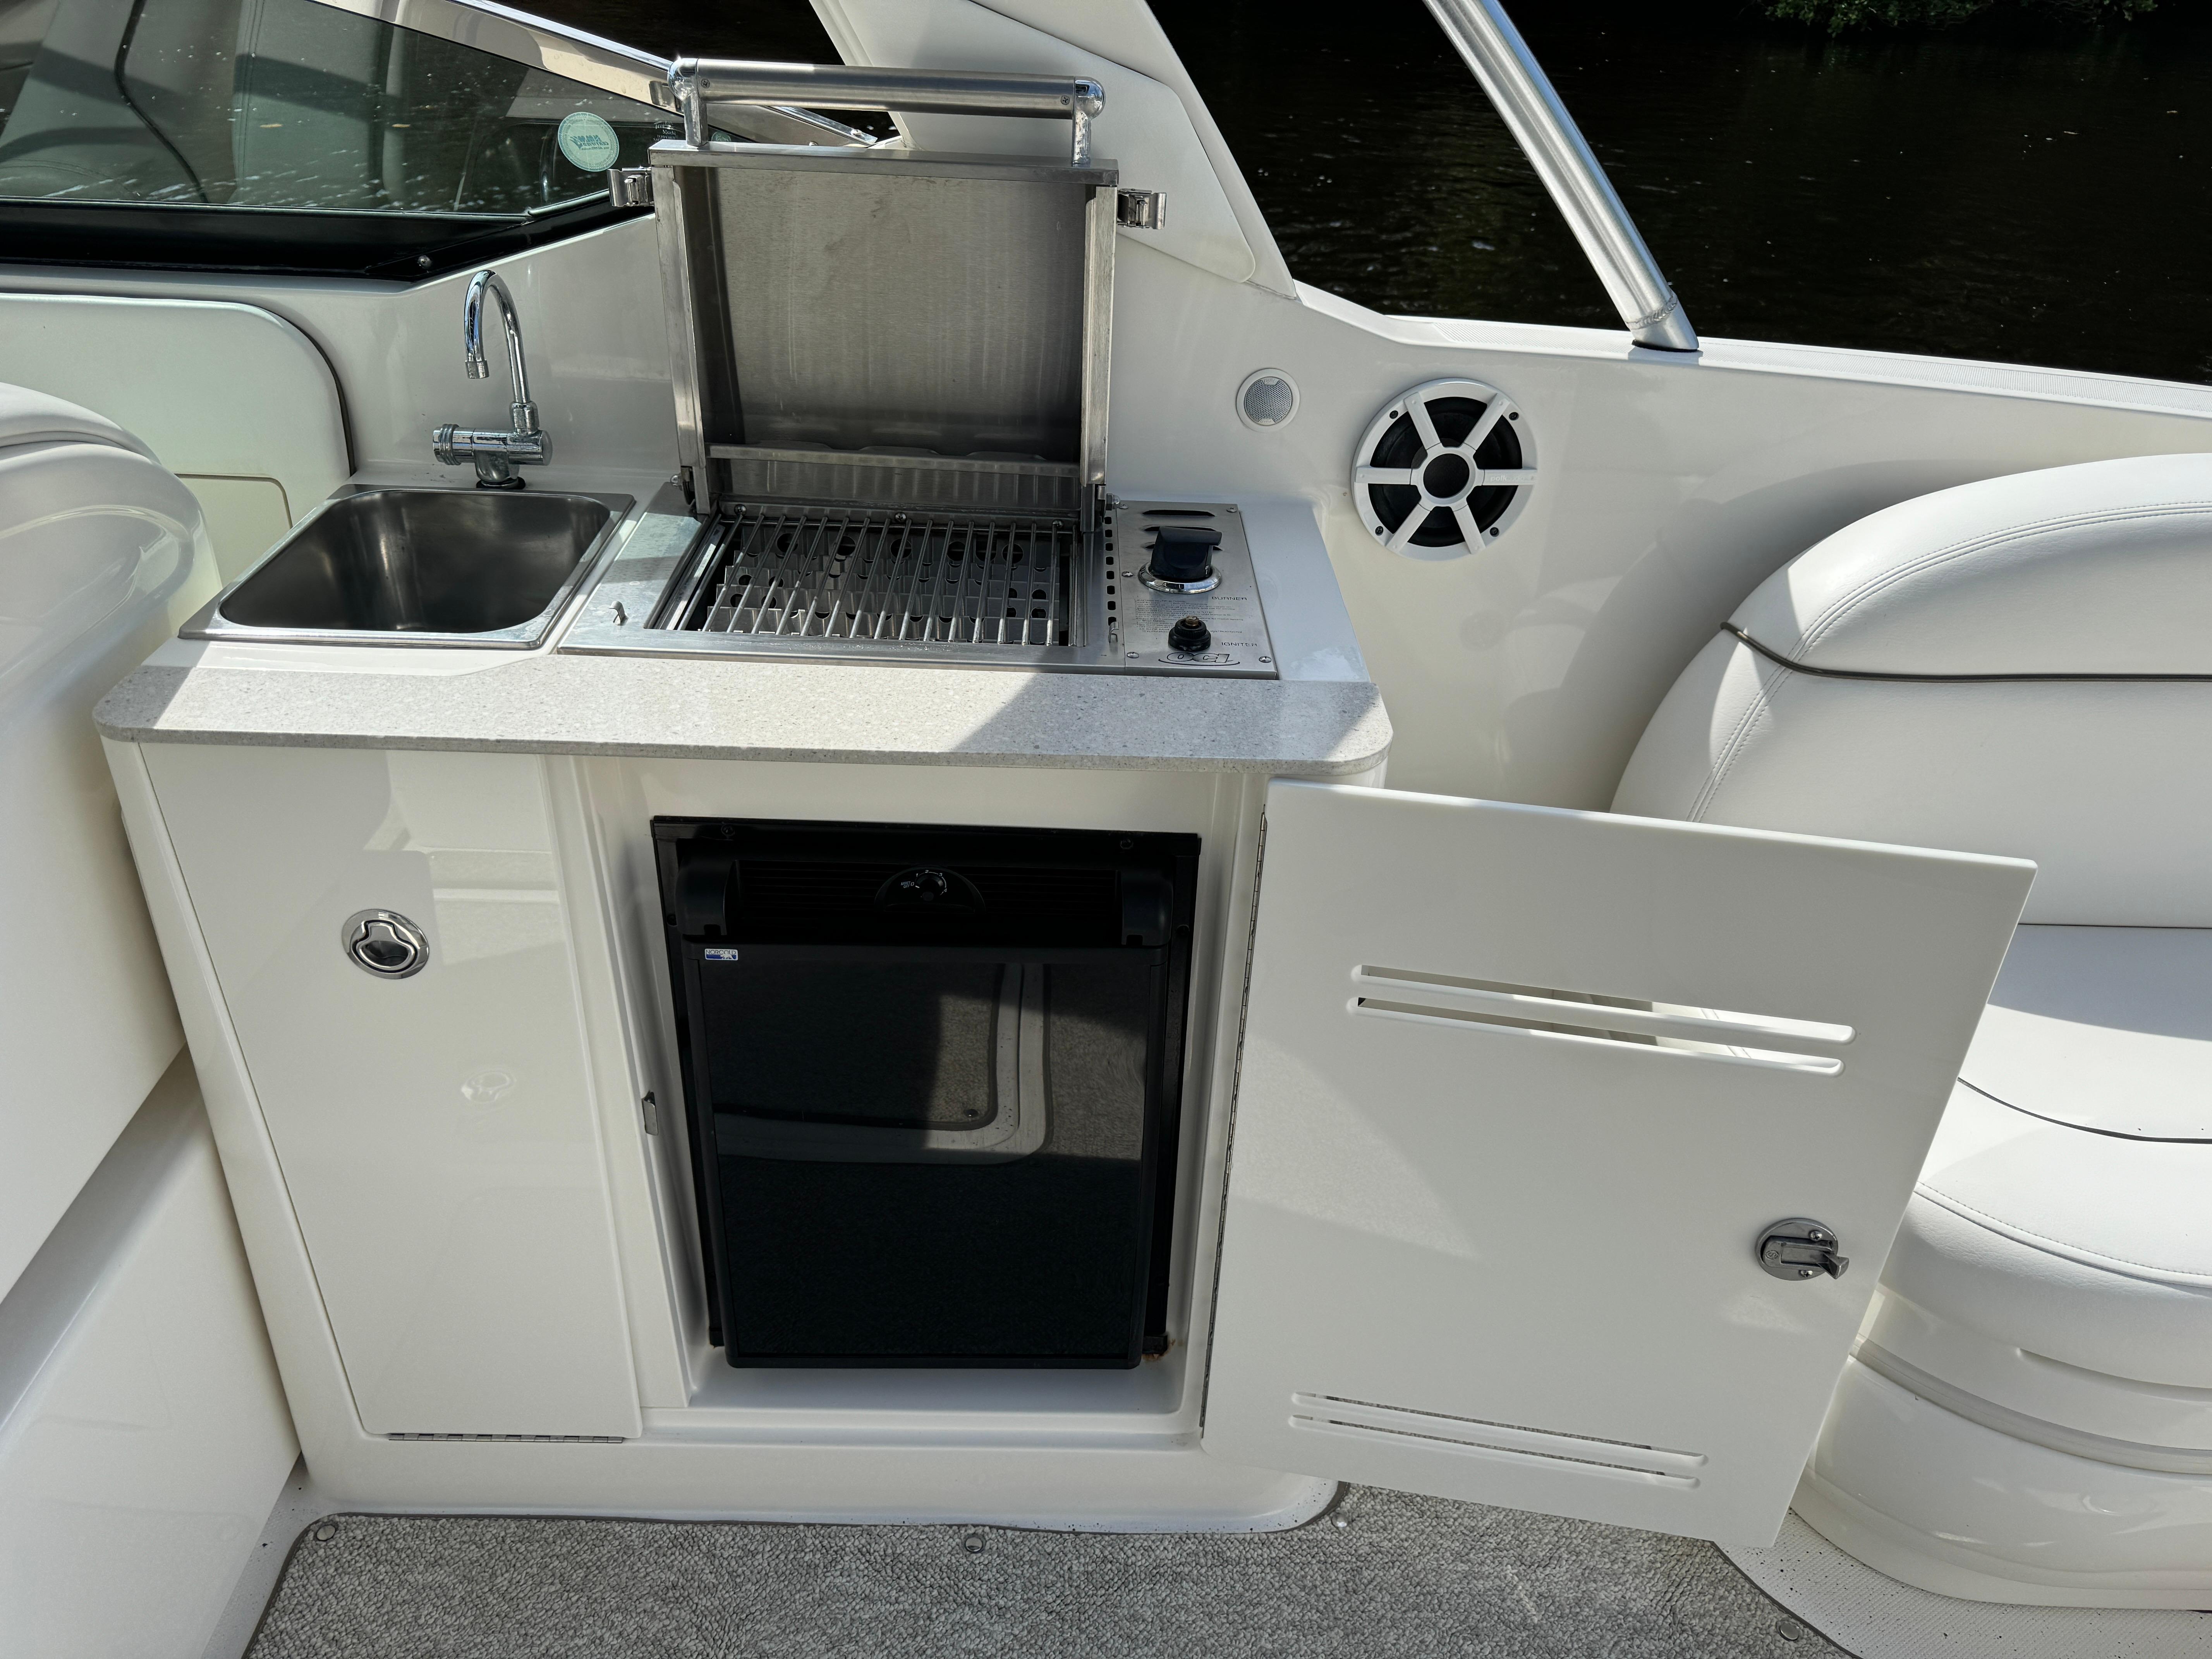 Sea Ray 300 SLX - Grill and Sink
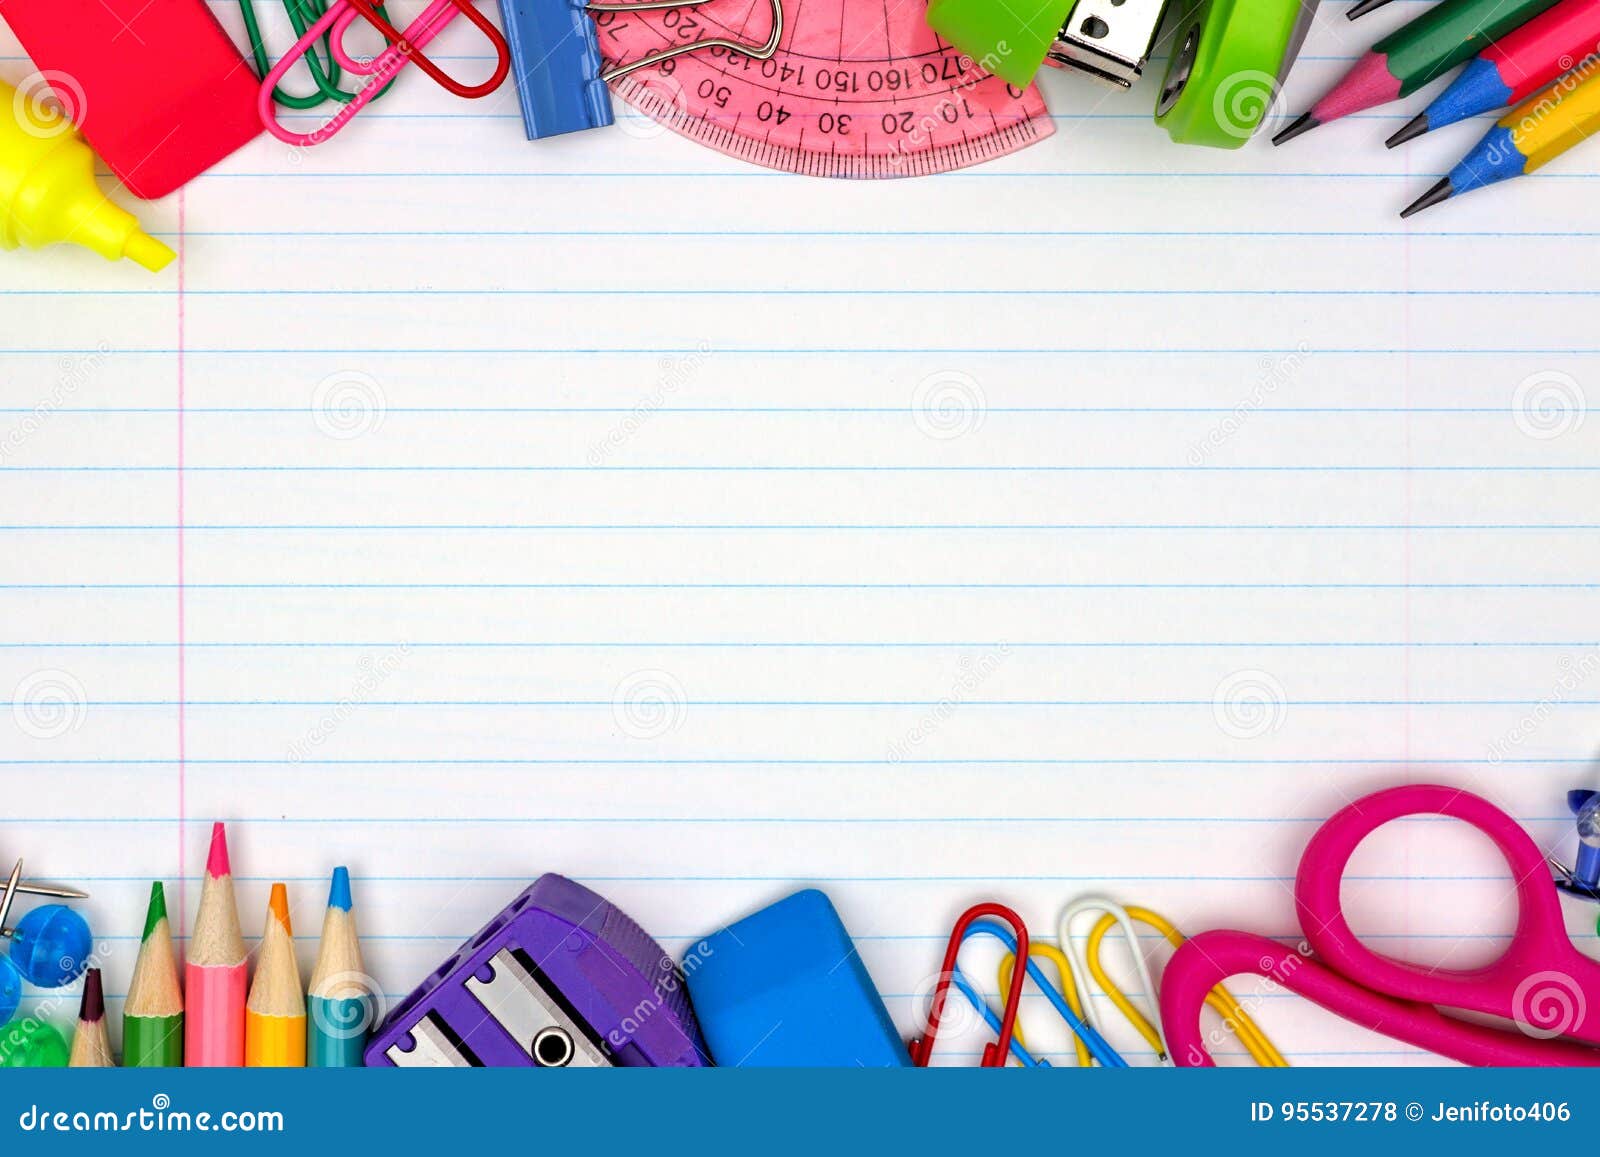 school supplies double border on lined paper background
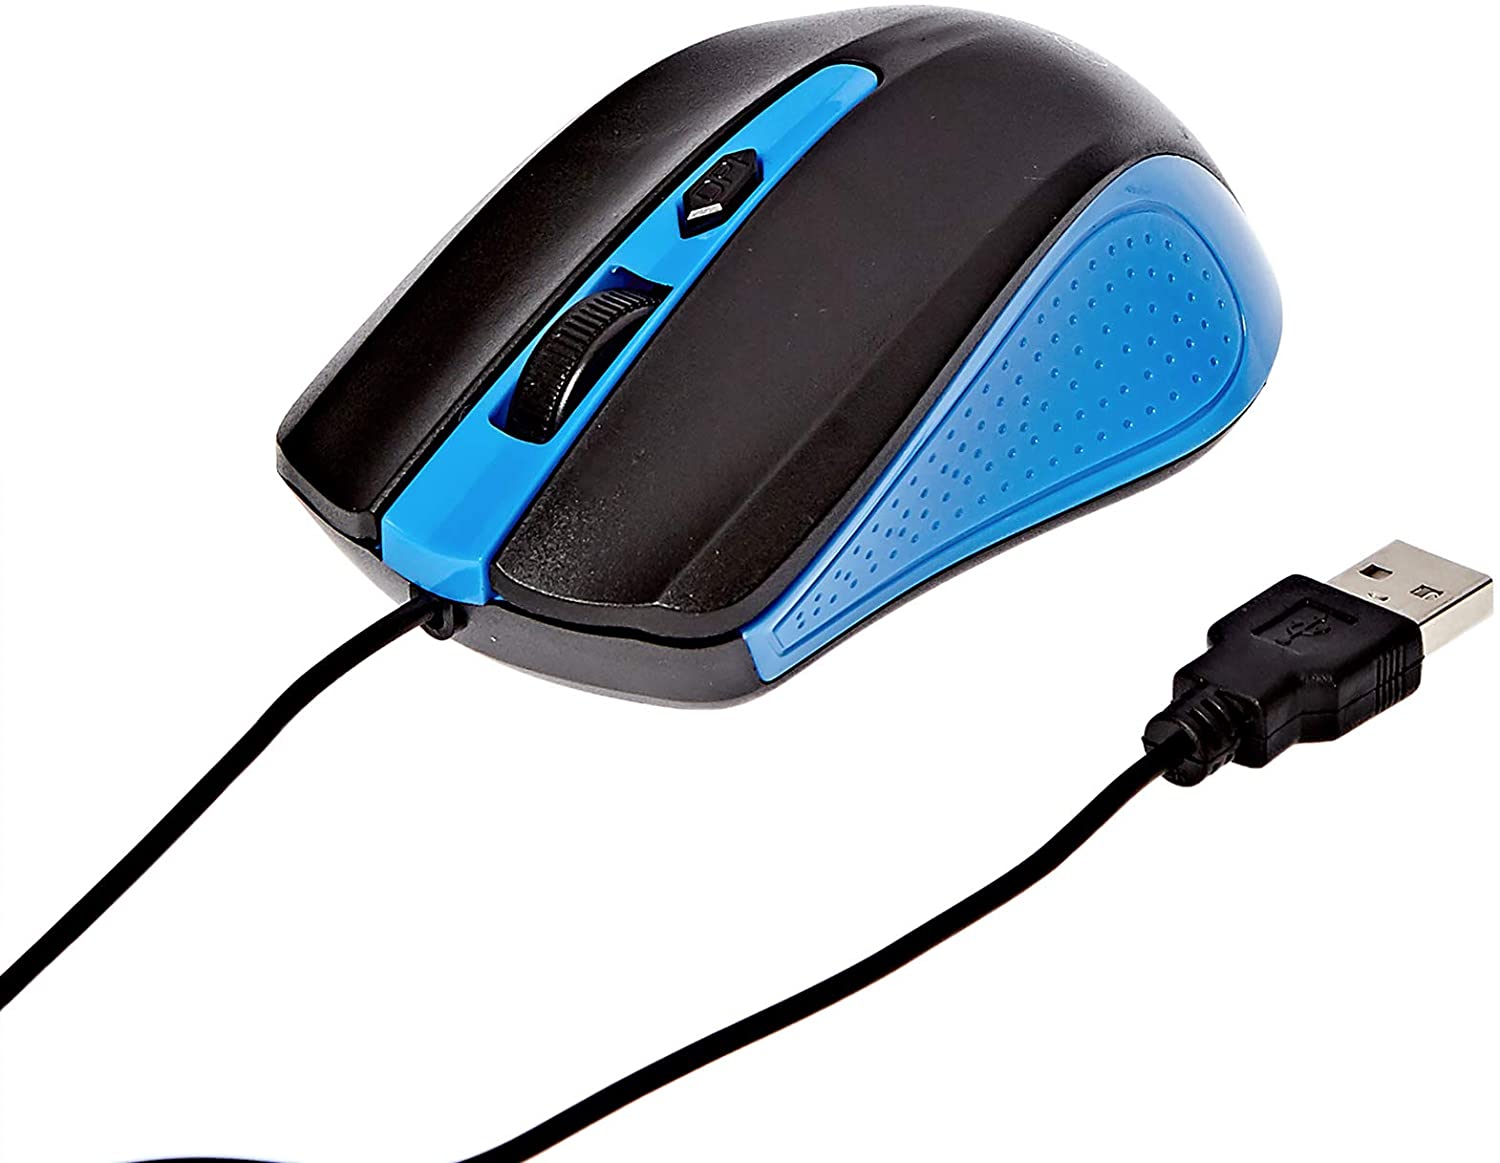 Enet Wired Optical Mouse 1600DPI USB

- PROBLEM DETAILS
When you copy the data above, keep each line exact and omit the pictures.

- SOLVED EXERCISE
 Sea Ray 300 SLX - Grill and Sink
 school supplies double border on lined paper background
 Enet Wired Optical Mouse 1600DPI USB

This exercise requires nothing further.